*Stored data*
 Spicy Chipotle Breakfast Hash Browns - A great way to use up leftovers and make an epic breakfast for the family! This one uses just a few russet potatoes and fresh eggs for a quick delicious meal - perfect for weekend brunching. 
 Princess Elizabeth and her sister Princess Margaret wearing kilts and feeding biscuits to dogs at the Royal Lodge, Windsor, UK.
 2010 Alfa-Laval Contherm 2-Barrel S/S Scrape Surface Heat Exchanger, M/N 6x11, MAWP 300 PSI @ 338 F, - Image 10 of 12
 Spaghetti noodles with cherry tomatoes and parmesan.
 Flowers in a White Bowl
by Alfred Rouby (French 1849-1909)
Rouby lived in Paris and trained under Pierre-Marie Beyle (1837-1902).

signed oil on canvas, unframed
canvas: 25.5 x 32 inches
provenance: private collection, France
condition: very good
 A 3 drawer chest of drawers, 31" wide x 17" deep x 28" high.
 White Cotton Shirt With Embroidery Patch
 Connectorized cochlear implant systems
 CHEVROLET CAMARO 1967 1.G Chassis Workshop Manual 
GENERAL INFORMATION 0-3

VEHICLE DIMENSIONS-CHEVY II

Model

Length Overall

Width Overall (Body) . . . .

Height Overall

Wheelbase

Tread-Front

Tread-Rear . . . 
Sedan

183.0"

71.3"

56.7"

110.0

*Requirement*
Give the number of lines in the entries that include the string "Overall", and nothing else.

*Result of this exercise*
3